White Noise
An Electric Storm
Universal
1969; r: 2007
B+



a minute and a half into “Love Without Sound,” the first track on White Noise’s An Electric Storm, John Whitman sings “But now the laughter turns pale” with a voice that sounds like he’s pinching his own nose. A woman’s laughter ricochets. It turns into a quiet sob. The song, a trippy churn of goth-pop, dissolves for a minute; the synths detune and smear over the rest of the track like gore while clacking sound effects accelerate. A woman has an orgasm. On “My Game of Loving,” lots of people have orgasms. Then they fall asleep and snore. “Here Come the Fleas,” complete with honk-honk and boing-boing and fart-fart noises, is psych slapstick. Bewilderingly, it ends with a come-on.

It’s true that An Electric Storm, first released in 1969, is a triumph of tape edits and a pioneering work of electronically based pop. Yes. And the group was a quasi-arranged marriage of an American electronics engineer and double bassist (David Vorhaus) and two BBC composers, Delia Derbyshire and Brian Hodgson (noted for their work on Dr. Who) by Island Records’ Chris Blackwell—that’s true too. But historical achievement and pedigree are easily the most sterile and perfunctory subjects you could cover when dealing with a reissue. What makes An Electric Storm still sound resonant is its emotional tenor: hilarious, strange, and volatile. There is no better metaphor for the reconciliation between the carefree, genital stench of American psych and its mannered British counterpart than the image of three scientists with microphones standing over a pile of hippies fucking each other.

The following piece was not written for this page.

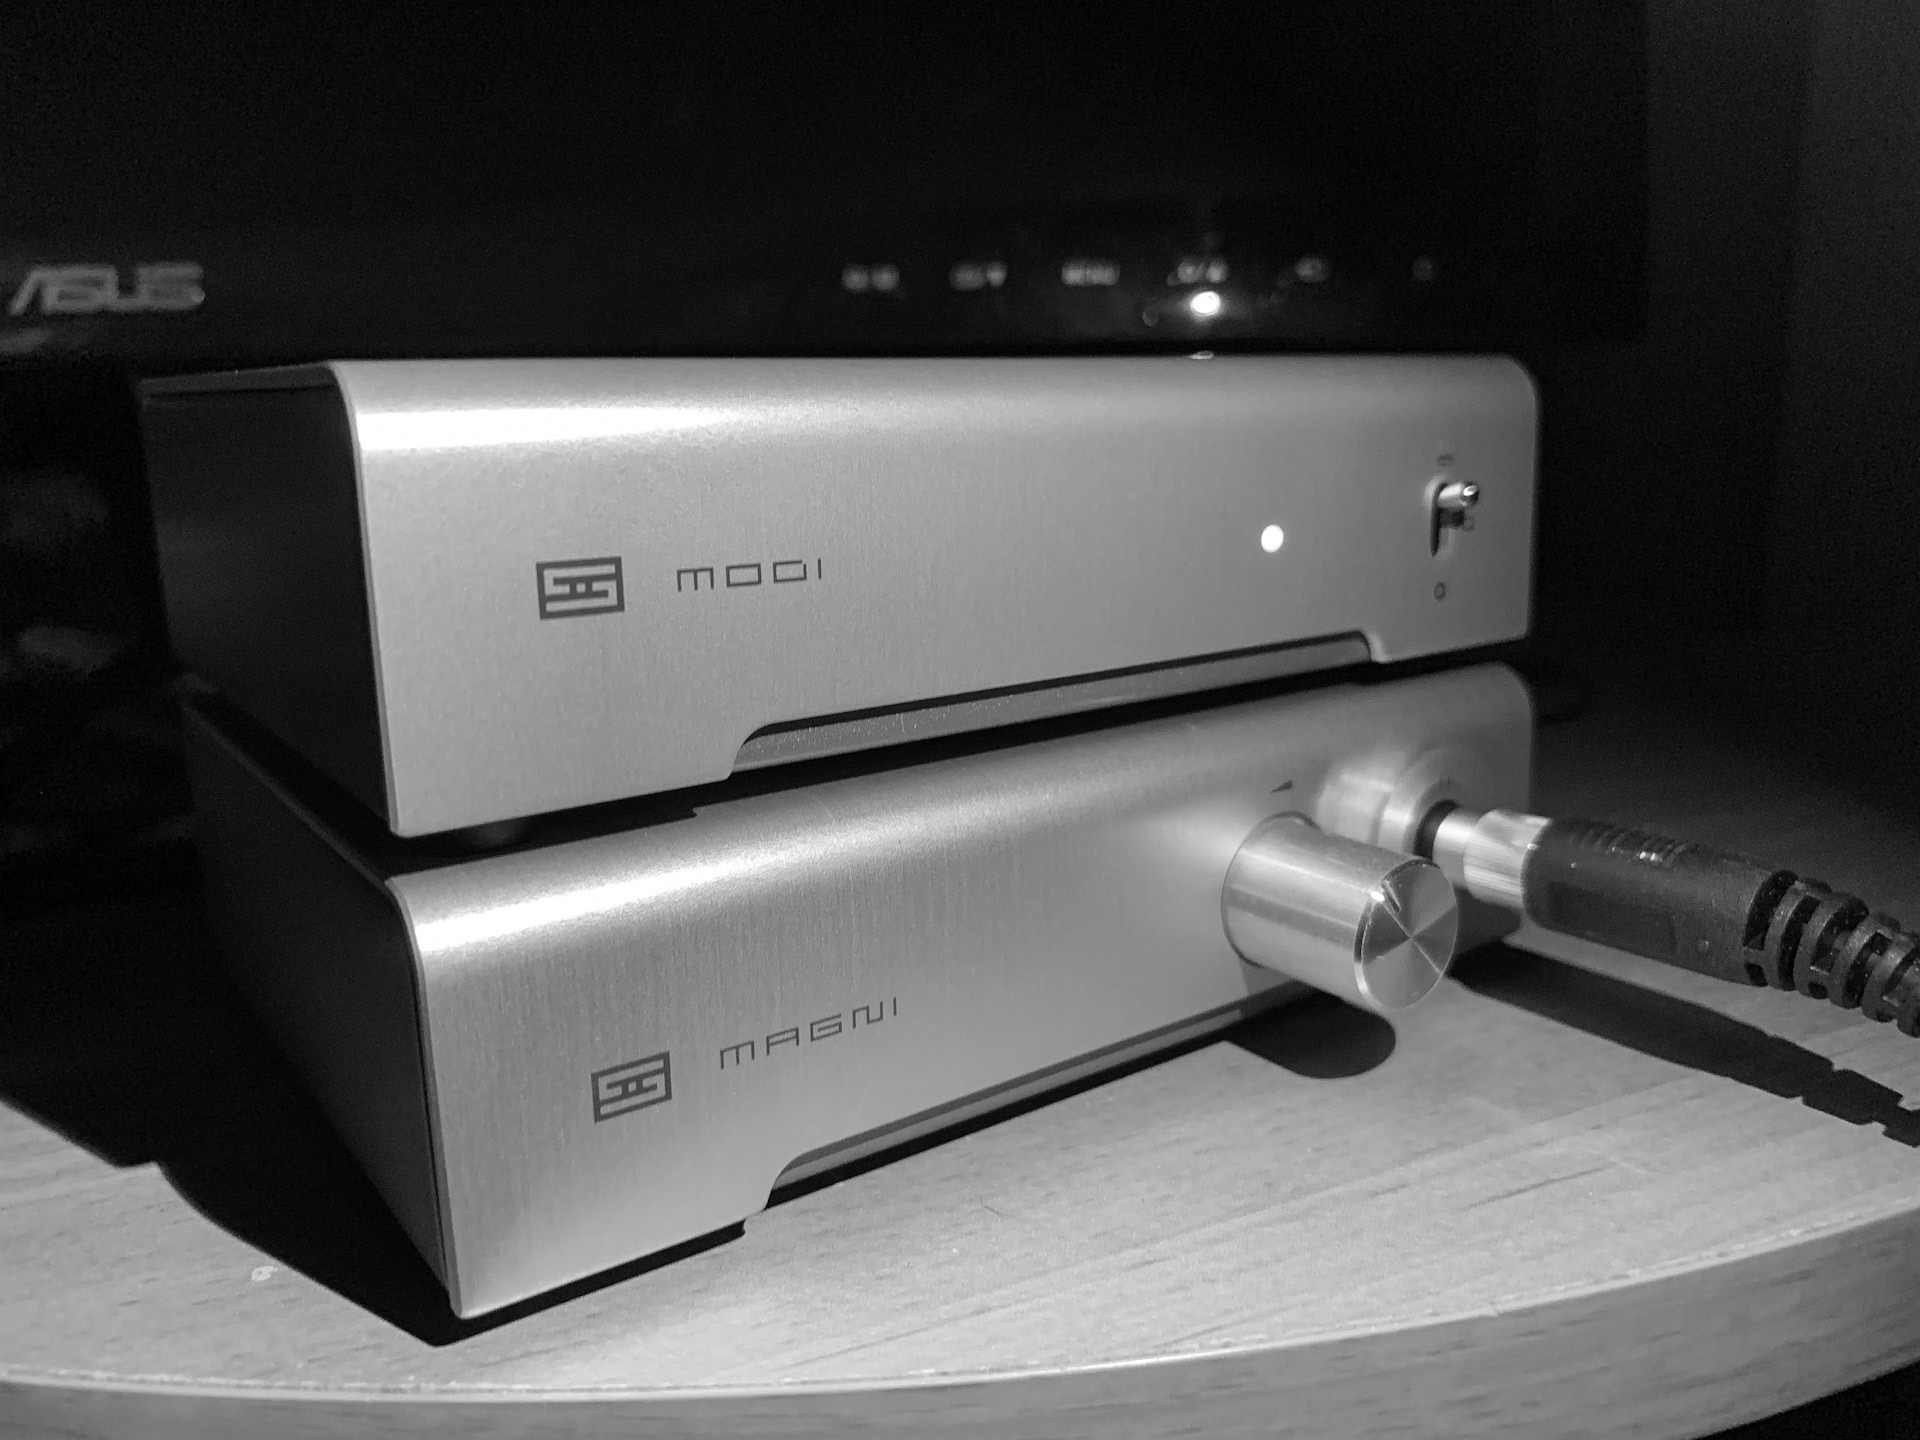 topping stack vs schiit stack

But there’s a lot of birthing and bridging on An Electric Storm worth considering. A little more than half the album is filled with what are ostensibly pop songs: they have structure, melodic hooks, and they’re all roughly around three-and-a-half minutes. Some of the music is charmingly dated—“Firebird” would’ve been Spinal Tap’s version of late-60s Beach Boys with more dumb sound effects—but the atmosphere on most of the songs is remarkable, even today. “Your Hidden Dreams” has all the haze and lilt of Broadcast; “Love Without Sound” sounds, for a minute, like Throbbing Gristle—two bands for whom electronic texture has pretty much recouped for anything they don’t attend to in song structure. The album’s second half, however, gives way to two longer pieces: “The Visitations,” which is a sort of “Leader of the Pack” scenario but about eight minutes longer and with 100% more scary (campy?) whispering, and “The Black Mass,” which lets the trio squirt out whatever sonic malevolence they have left in the form of free-rock drumming drizzled with a lot of stock bad trippery.

After the ambitions of the first half, the belt loosening on the second can be a little bit of a slog. But that’s not to say that An Electric Storm isn’t something of an essential record—a lot came together here that hadn’t come together beforehand, and hasn’t come together with such charm since. In a way, it’s the archetypal ’60s psych one-off (even if Vorhaus continued to record with the name sporadically since then). It’s as insular and gross as Zappa, as corny as Strawberry Alarm Clock or any drippy Nuggets forgettables, as radical as Stockhausen or Subotnick’s experiments in electronics. Most importantly, it embodies its era’s contradictions—psychosexual trauma finally sounded funny, free love finally sounded stupid, and some nerds sitting over endless reels of tape with a razorblade finally sounded like they wanted to make you feel something, even if it was nauseous.